Experimental scenarios (Table 6) are created and generated after the data collection scenario (Table 6). The most crucial difference is that the experimental scenarios were improved for comparison with and without “questions for evaluating automatic thoughts.” In Table 6, words of concern (e.g., Q12 and Q13) were included between Q5 (identification of an automatic thought) and Q14 (mood score after change). On the other hand, Table 6 includes only questions for evaluating an automatic thought between Q5 (identification of an automatic thought) and Q14 (mood score after change). The questions for evaluating an automatic thought in Table 6 were all taken from the same source (Beck and Beck, 2011).

1. The classifier determines whether the user identified a thought.

2. Successful: Move to the next item.

3. Unsuccessful: Ask a question to guide identification of the thought and ask the user to answer again.

4. Unsuccessful: Make a judgment with the automatic thought classifier. If it is unsuccessful again, provide another hint.

If the user fails to identify the automatic thought, the virtual agent provides a hint and asks the user to answer again: So, what did you think about yourself in that situation?. Six hints are available, and up to six unsuccessful attempts to identify the automatic thought can be handled. The six hints are given to all users in the same order. If a user fails seven times, he must proceed to the next item. The hints are taken from Beck and Beck (2011).

3.1.2. Questioning to Evaluate and Modify Automatic Thoughts

We evaluated automatic thoughts using the nine questions (Q6–Q14) shown in Table 6. We prepared two dialogue scenarios: one that asked all the questions and another that omitted questions Q7–Q13. Our experiment hypothesizes that evaluating automatic thoughts improves a user's mood. We prepared these seven questions to guide the evaluation of automatic thoughts and asked them in a round-robin style, assuming that one of them would be effective for the user. To clarify the hypothesis, we compared two scenarios (Figure 4): Group A, questions that evaluate thoughts; Group B, no questions that evaluate automatic thoughts.
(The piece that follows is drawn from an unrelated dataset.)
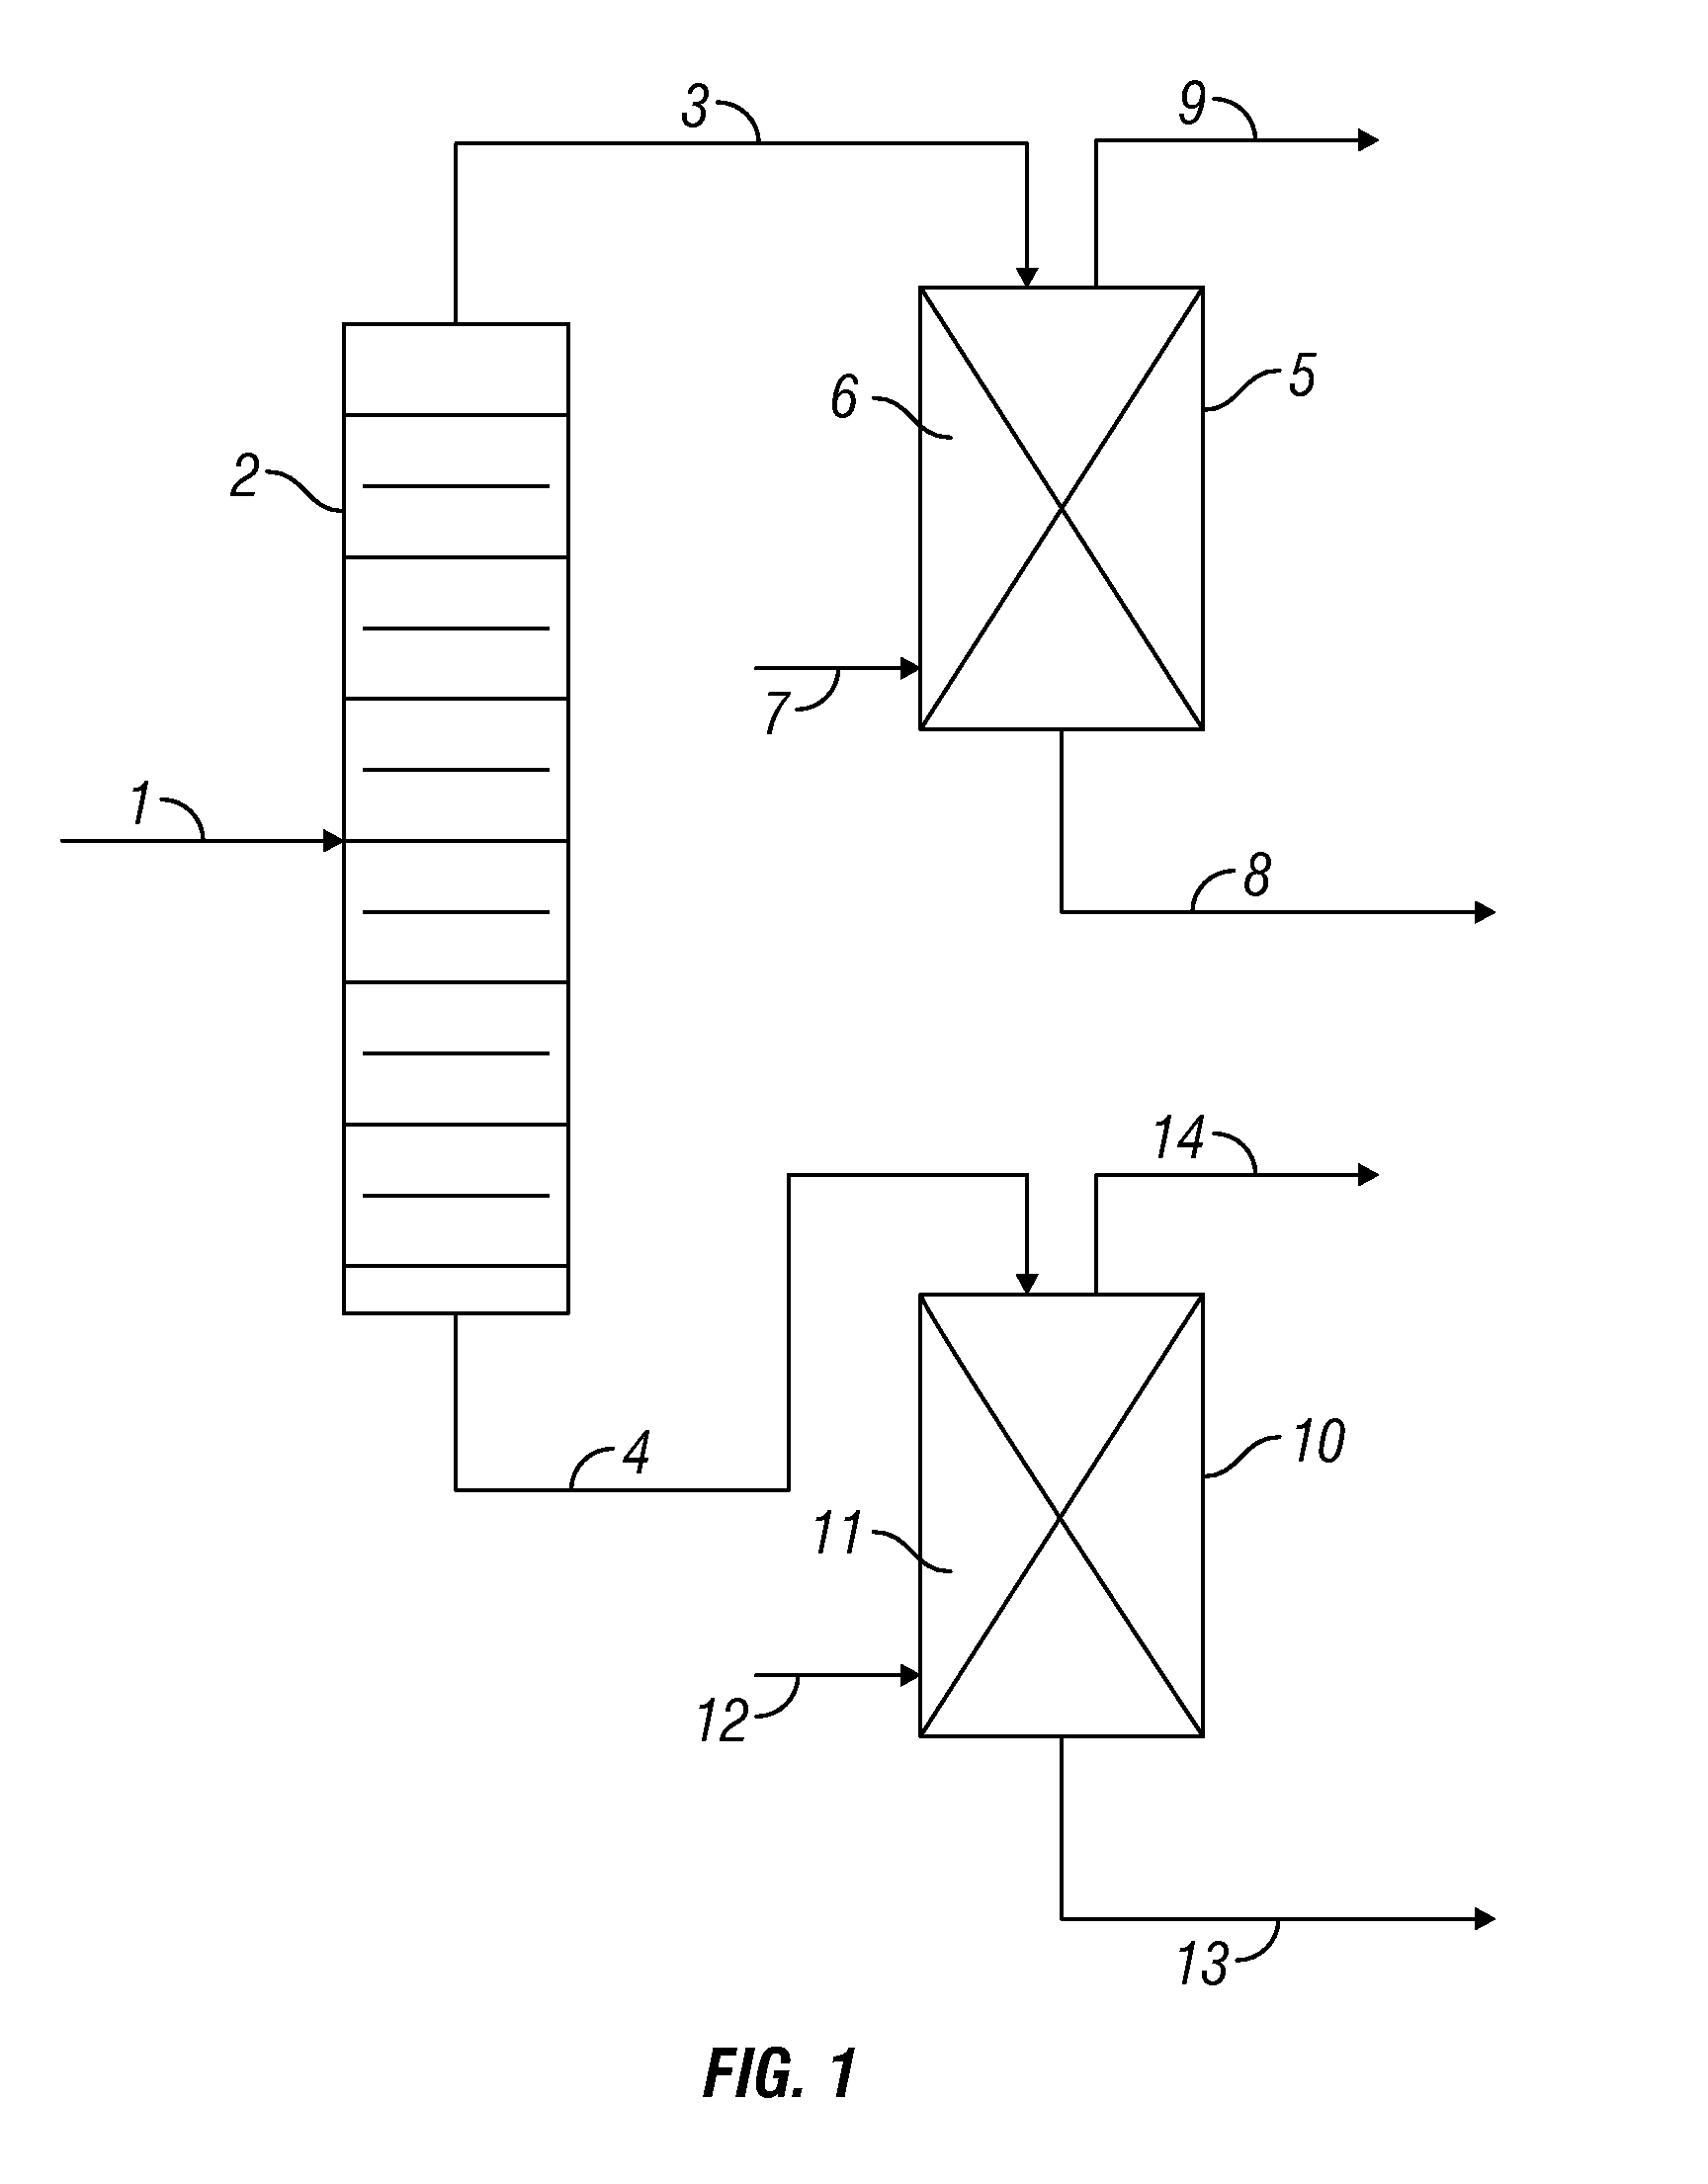 Process for the selective hydrodesulfurization of a gasoline feedstock containing high levels of olefins

Figure 4. Dialogue flows of Groups A and B.

3.2. Experimental Evaluation

3.2.1. Participants

We recruited 32 graduate students as users: 19 in Group A and 13 in Group B. The research ethics committee of the Nara Institute of Science and Technology reviewed and approved this experiment (reference number: 2019-I-24-2). Written informed consent was obtained from all the users in it. We also confirmed with K6 tests that they suffered from no severe mental illness tendencies. The K6 score for Group A was M = 4.74, SD = 4.48, and for Group B it was M = 4.46, SD = 2.57. There was no significant difference in the K6 scores between the two groups.

3.2.2. Procedure

The same procedure was applied to both groups. First, the users read a publically available leaflet that explained CBT3 and how it is designed for both clinical and general applications. Next we explained how to use the virtual agent. Our experiment was carried out on a desktop personal computer.

Unfortunately, Q2 (mood) in Table 6 was skipped in the interaction of some participants. This mistake affected ten people in Group A and ten people in Group B. Since the scenario was not disclosed to the participants, they were unaware that Q2 was skipped. However, not all of the participants who experienced this situation were confused by its omission. For Q3, all participants clearly stated their own negative mood types. Therefore, we also used the data of the participants who experienced this trouble along with the data of those who did not.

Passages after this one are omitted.